(Photo: “La Chascona,” the home of Pablo Neruda in Santiago, Chile)
I have been a working writer for over 30 years. I started as a 10 year old, keeping a journal and producing a little home newsletter. I have been writing religiously ever since. It is not only what I do, but who I am. As a member of the American Society of Journalists and Authors, The Authors Guild, and the National Federation of Press Women, and with three books and hundreds of articles to my credit, I no longer need to prove that I can write. But I may, on occasion, need to prove, at least to myself, that I can still publish.
An important aspect of publishing is being active in the writing/publishing community vis-à-vis professional organizations, networking conferences, and academic workshops. Things change rapidly in this industry: magazines and newspapers come and go, as do their editors, along with freelance opportunities; the reading public’s preferences shift from print to on-line to social media; consumer trends create special interest groups and demands for new content information. Good writing and reliable reporting are constants, of course, but the marketing of that writing, and the way those “intellectual products” find their audience and get delivered, has changed dramatically.
For the first half of my career, everything centered in New York City.
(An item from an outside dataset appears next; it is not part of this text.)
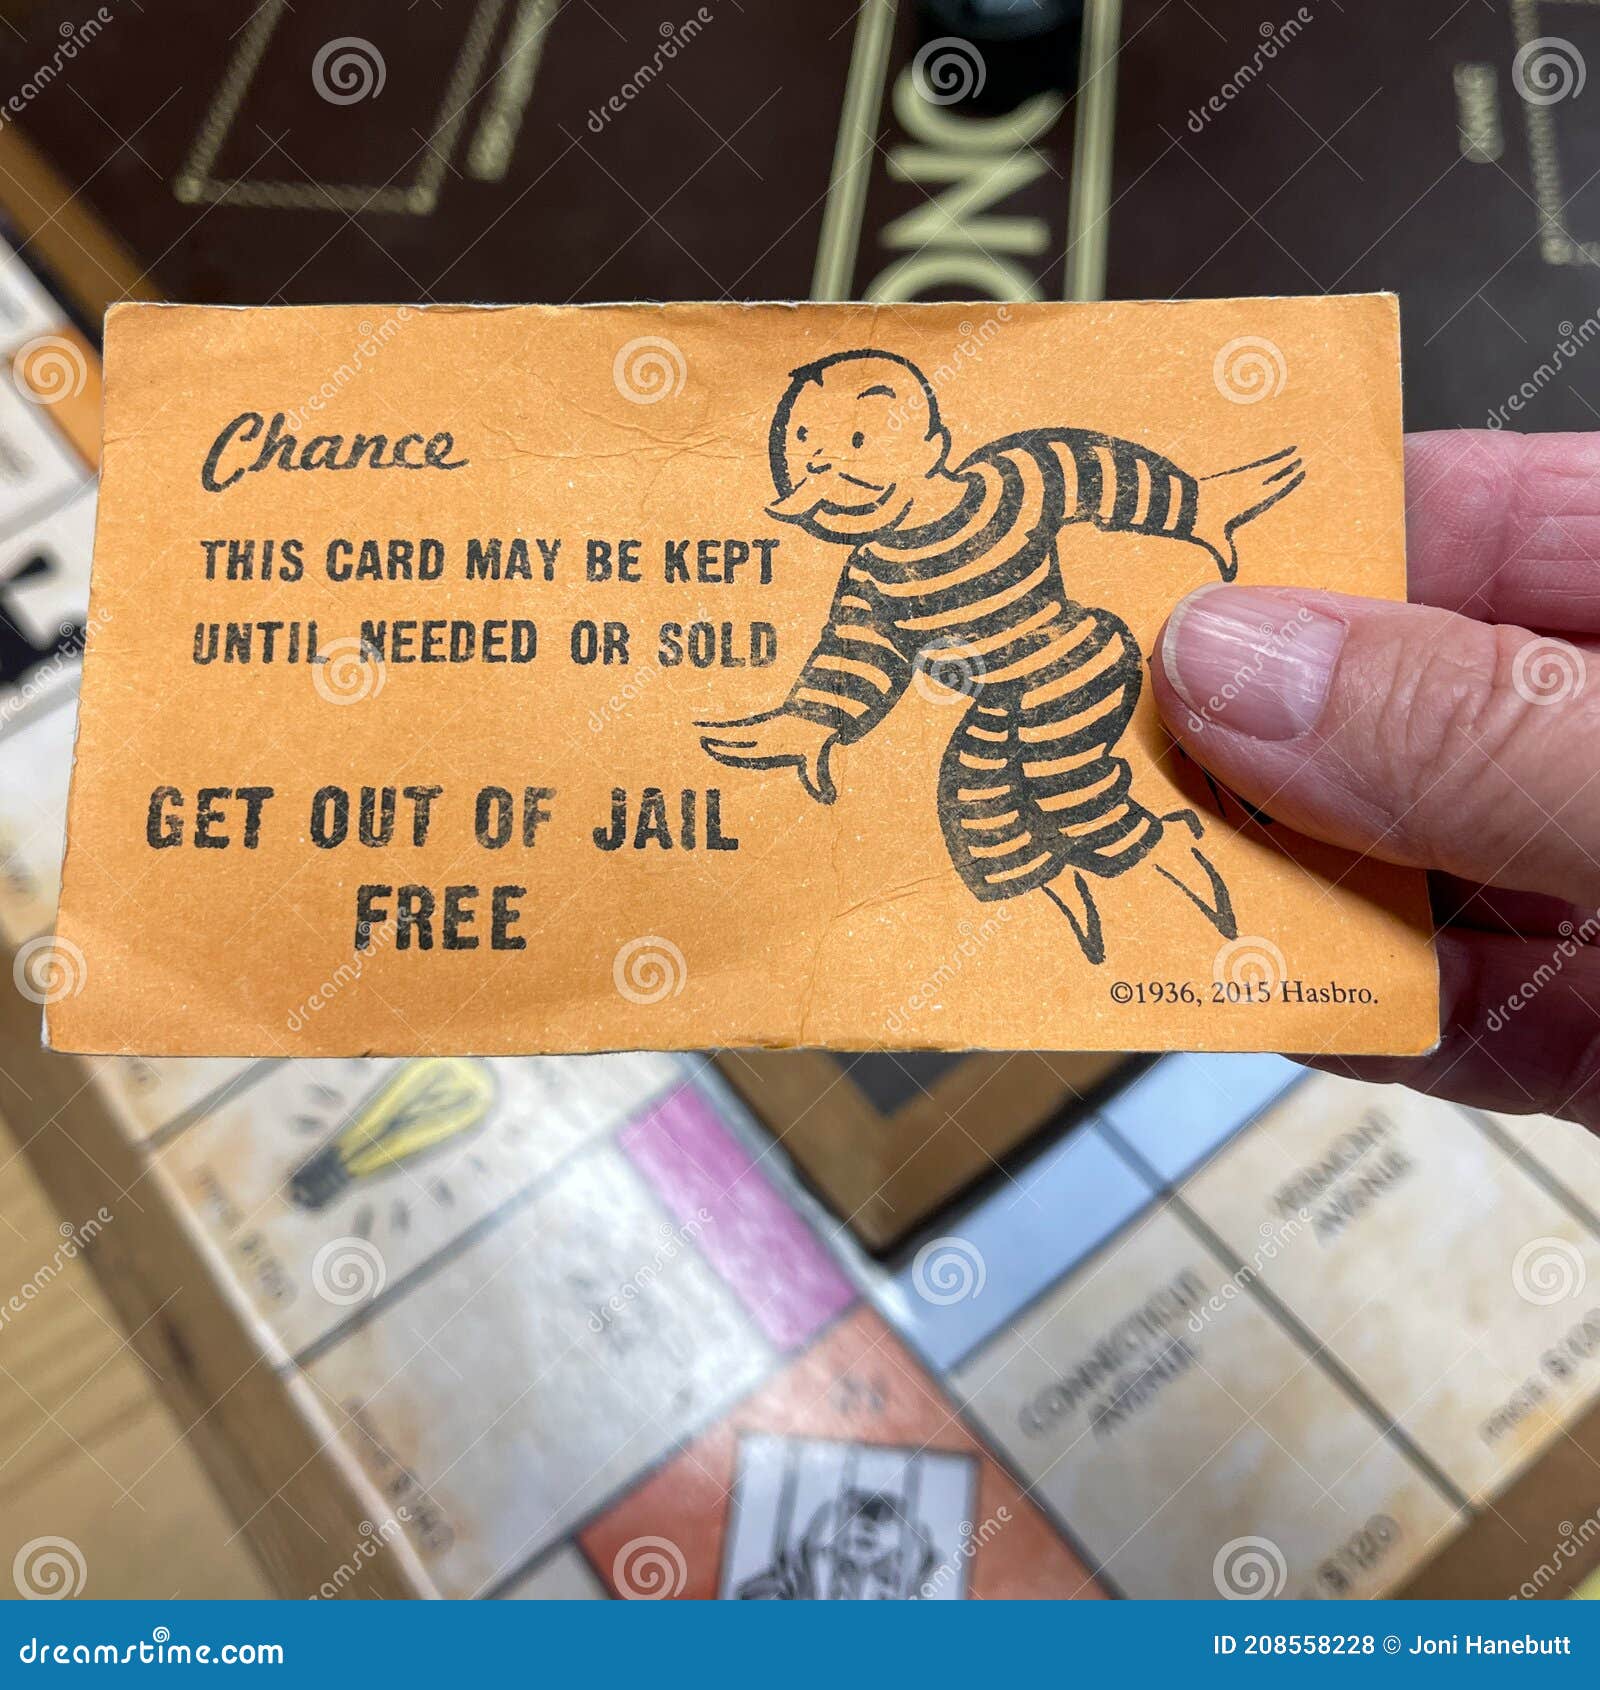 a-get-out-of-jail-free-card-from-a-monopoly-set-editorial-stock-photo

All the big publishing houses, the major national magazines, the best-known literary agents, the national writers’ organizations and, of course, The New York Times were all there. Lucky for me that I was too. Even as a relatively small player in the big city scene, I could easily pop in for editorial meetings, have lunch with my agent, or schmooze with fellow colleagues at big conferences. Yes, there were a few editors and agents in Chicago or on the West Coast, but only a few; mostly it was the literary and little publications that were out in the “hinterlands.” If you wanted to play with the big boys in commercial publishing, you had to make those connections in New York, and you had to be around to sustain those relationships, or at least be willing to make regular trips East to do so.
Of course, those very early years were pre-computer — pre-everything except the telephone. I realize I’m dating myself here, but I actually wrote my first book on a Smith Corona typewriter, and then typed and retyped the edited rewrites. I considered myself on the cutting edge of technology because my typewriter had a an auto-correct feature! Queries for articles were typed up one-by-one and sent to individual editors in snail mail. The biggest controversy, given how much time the whole submission process took, was whether or not multiple submissions (pitching the same idea to several different publications) were ethical.
A few years ago I relocated down to Southwest Texas and out of the New York area. Since then, I have not been pursuing national publication; rather, I have started this website and only done a couple print pieces in the local paper. While I am, so to speak, semi-retired, and not really angling for career advancement anymore, I still write. But when some younger members of the ASJA (American Society of Journalists and Authors) in the area started a Texas chapter last year, I was on board. Writing and publishing has, after all, expanded beyond New York, and we are, after all, one group, regardless of age and stage in our careers. Furthermore, there is some obligation for older members to lend their voice, experience, and support to the development of a new generation of writers.
So, I signed up for the first Texas regional conference. And I singed up for the “Client Connections,” which is basically a speed dating round with editors to pitch story ideas and get assignments. My contacts were with editors of local publications, San Antonio Magazine and Texas Highways, because, well … this is where I am now and this is what I know. Even so, I didn’t have high expectations, mainly because I didn’t have much confidence in my own abilities to still be competitive. Age and absence from the day-to-day hustle will do that to you.
Ironically, my “speed dating” sessions went well, so well in fact that I walked away with positive responses to several of my ideas. Now I have article assignments and longer-term proposals in the works. Suddenly I have more deadlines than I can handle. Now I have stress!This is what happens when your expectations underestimate your abilities.
It’s okay; it’s affirming. It’s even humorous. The one constant in my life, regardless of my other endeavors, has been my writing. It is my personal and professional identity, my mainstay, my salvation. I have been a teacher/college professor, a corporate employee, a fabric artist, a community activist and volunteer, a mother, a daughter, and a wife, but writing is what I do, who I am. As long as I am still doing it, publishing or not, I am me.
But I am glad to be publishing again.